Mes carnets

Le 16 juillet 2021

Il y a quelques temps, je me suis mis à conserver dans des carnets un certain nombre de notes prises au cours de mes rendez-vous de travail ou d’agrément, ou bien de mes lectures, desquelles je tire quelques phrases, quelques idées ou points-clés, voire un résumé complet, ou alors au contraire rien du tout quand j’estime que l’oeuvre ne le mérite pas, que je n’en ai pas envie à ce moment-là, ou que je suis tellement pris par ma lecture que ce serait un sacrilège de la brouiller, de la parasiter, de la différer par un quelconque geste interruptif.

On trouve aussi quelques plus rares rapports de visionnages de films ou d’émissions télé, je pense ici à La Grande Librairie. Les notes sont datées, écrites de façon assez anarchique et télégraphique, sans autre ambition que de m’aider à me remémorer ultérieurement ce que j’avais entendu à cet instant. Tout cela me permet à loisir de retrouver qui j’ai rencontré à telle date et ce que j’ai retenu de notre rencontre. Des fois, je feuillette un ancien carnet pour m’imprégner de l’esprit du moment, et me rendre compte de mes préoccupations, observer la quantité de travail abattu, essayer de deviner mon humeur, ma motivation.

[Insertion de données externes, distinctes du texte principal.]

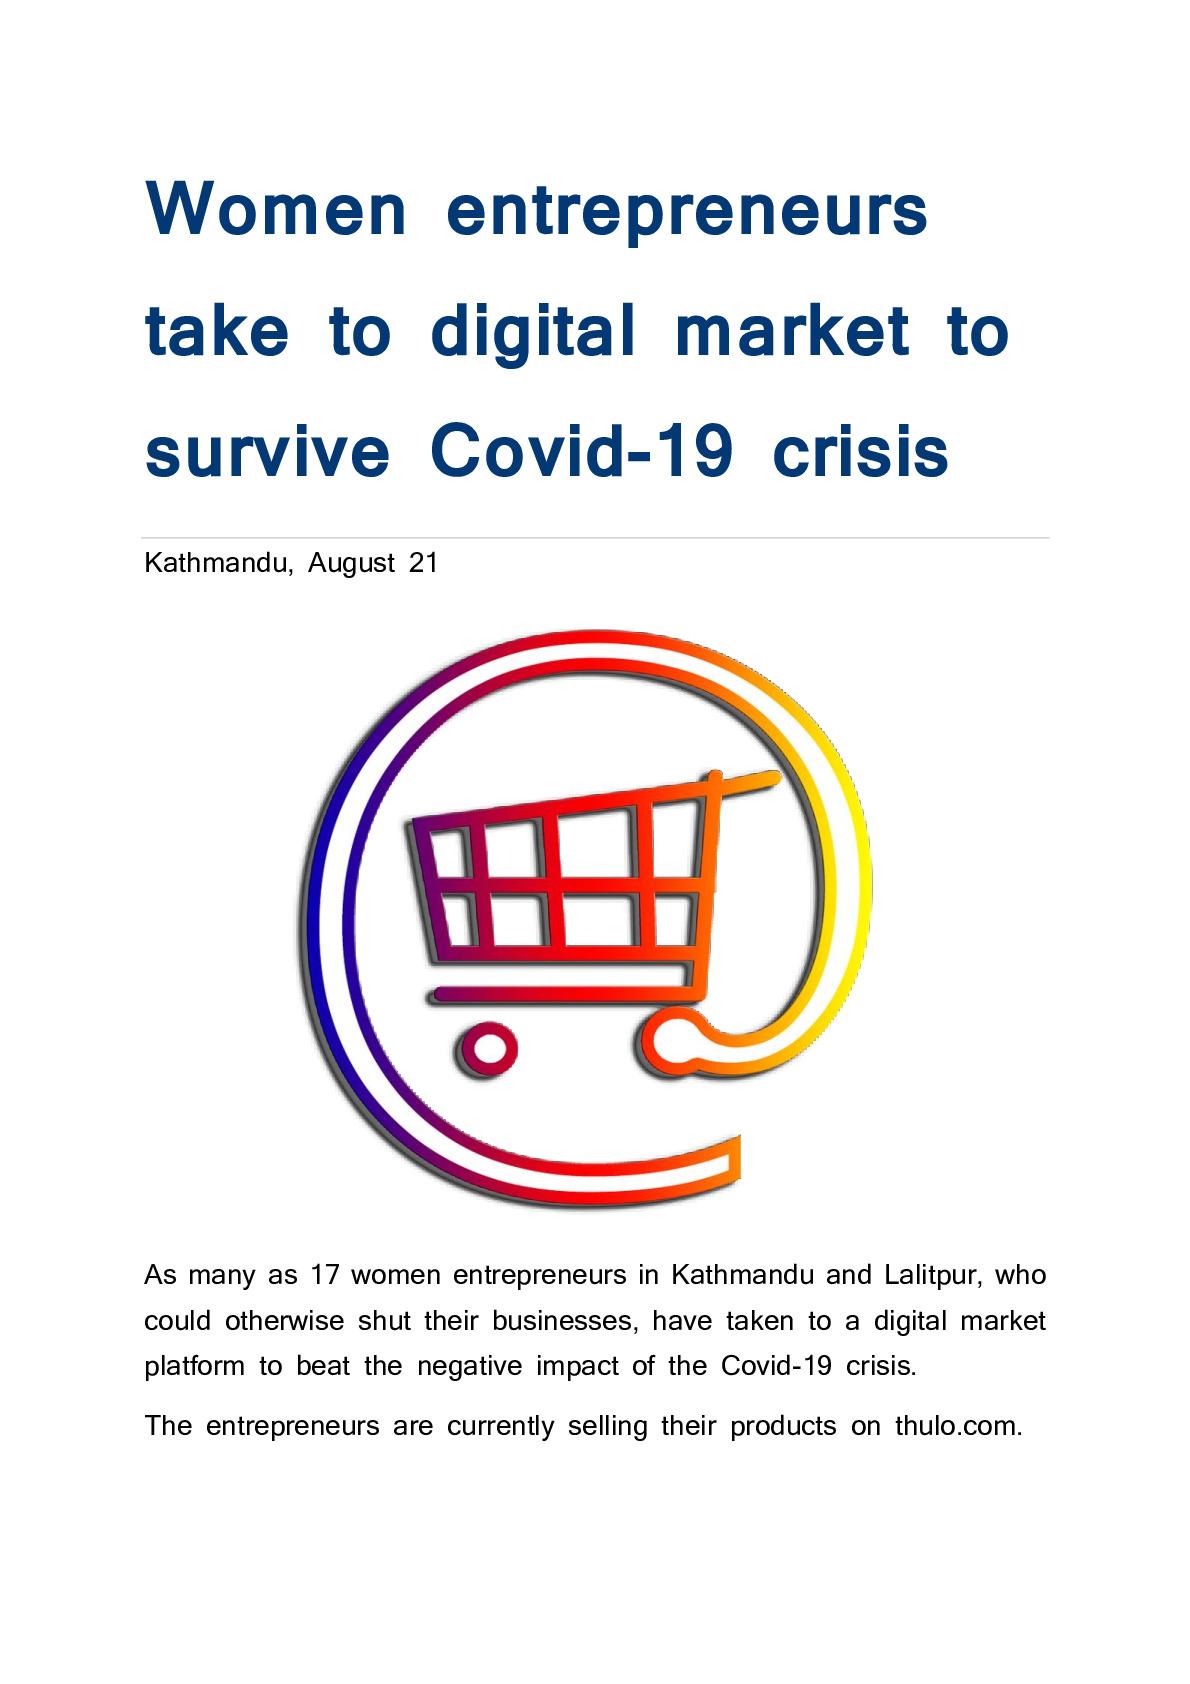 Women entrepreneurs take to digital market to survive Covid-19 crisis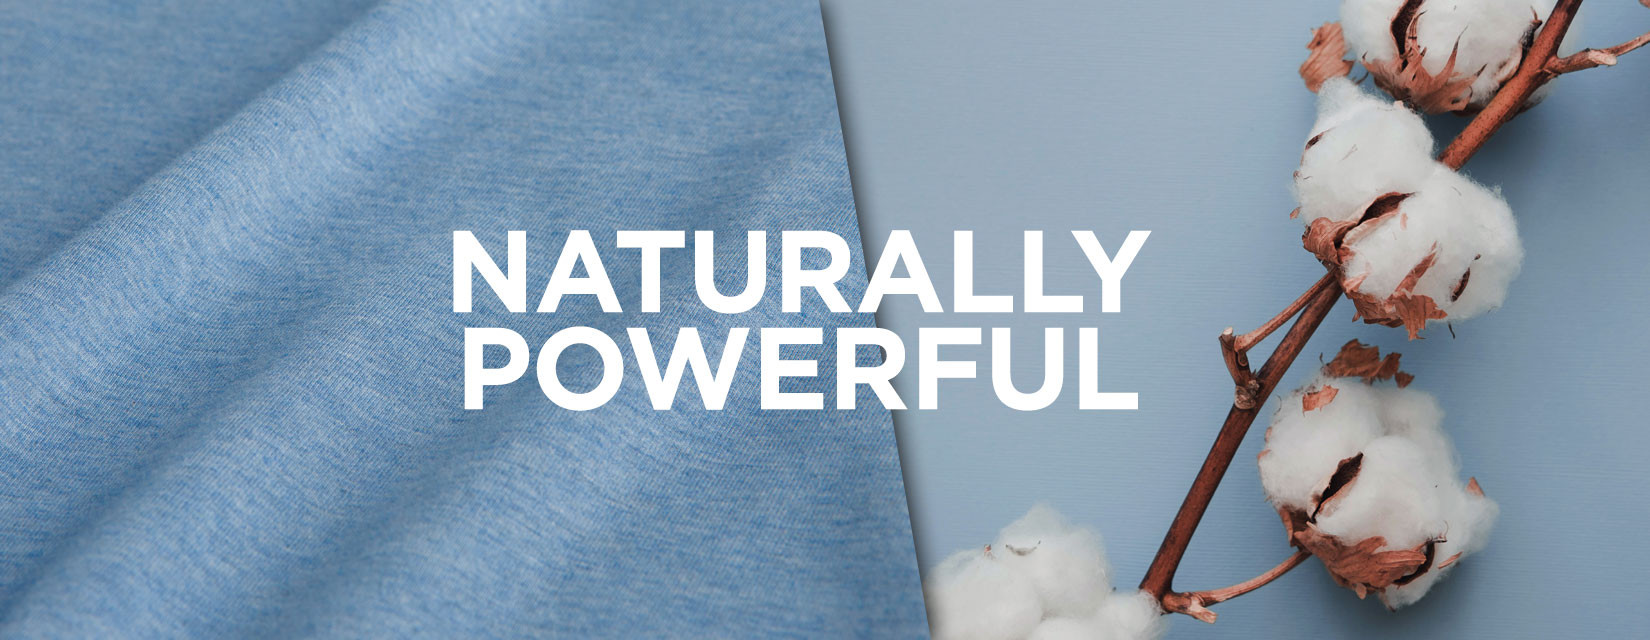 Naturally powerful

Mon premier carnet était un carnet à spirales d’auto-promotion, récupéré lors d’un événement de l’ESC Clermont. Arrivé à la fin, je l’ai conservé sans que ce soit prémédité, afin de pouvoir retrouver des pitchs de startupeurs, des notes prises quand je conseillais quelques entrepreneurs auvergnats, et la trace d’une multitude de rencontres faites autour de Cantal Business Angels, de l’APM Cantal que j’animais alors, et même lors d’une étude conduite à la demande du Conseil Départemental du Cantal. Ce carnet s’étend de septembre 2015 à fin 2016, écrit entièrement au stylo-plume noir. Un deuxième carnet prend le relais jusqu’à fin 2017 à l’encre toujours, mais avec des variations de couleurs : noir, violette, bleue et même verte ! C’était un carnet noir floqué « TequilaRapido » (une agence de conseil) que j’avais dû récupérer lors d’un salon, sans parvenir à me souvenir lequel.
Puis vint un carnet rouge Quo Vadis un peu plus grand qui m’a tenu jusqu’à mars 2019, et m’a vu migrer de la plume aux feutres Paper Mate Flair M, de toutes les couleurs de l’arc-en-ciel : des classiques noir-rouge-vert-bleu jusqu’au bleu turquoise, rose, vert olive, orange, magenta, violet. Les changements de couleurs sont stimulants pour la créativité paraît-il.
Là, je suis donc en train de terminer le quatrième carnet, plus volumineux, commandé sur le net, un joli carnet ligné de chez Beechmore Books, avec une couverture en imitation liège. Je prends toujours des carnets lignés parce que de toutes façons, je dessine très peu (par inaptitude abyssale). Pour ce dernier carnet, je suis revenu à l’encre avec un stylo Schneider Ray, une merveille qui allie le confort d’un roller avec un approvisionnement en cartouches d’encre standard. Le résultat, c’est le miracle d’avoir un trait d’encre très net comme s’il était tracé à la plume, mais sans les inconvénients technique de ce matériel désormais obsolète. On a acheté cela à Jade pour le collège (astuce donnée par une prof) et j’en ai pris un dans la foulée.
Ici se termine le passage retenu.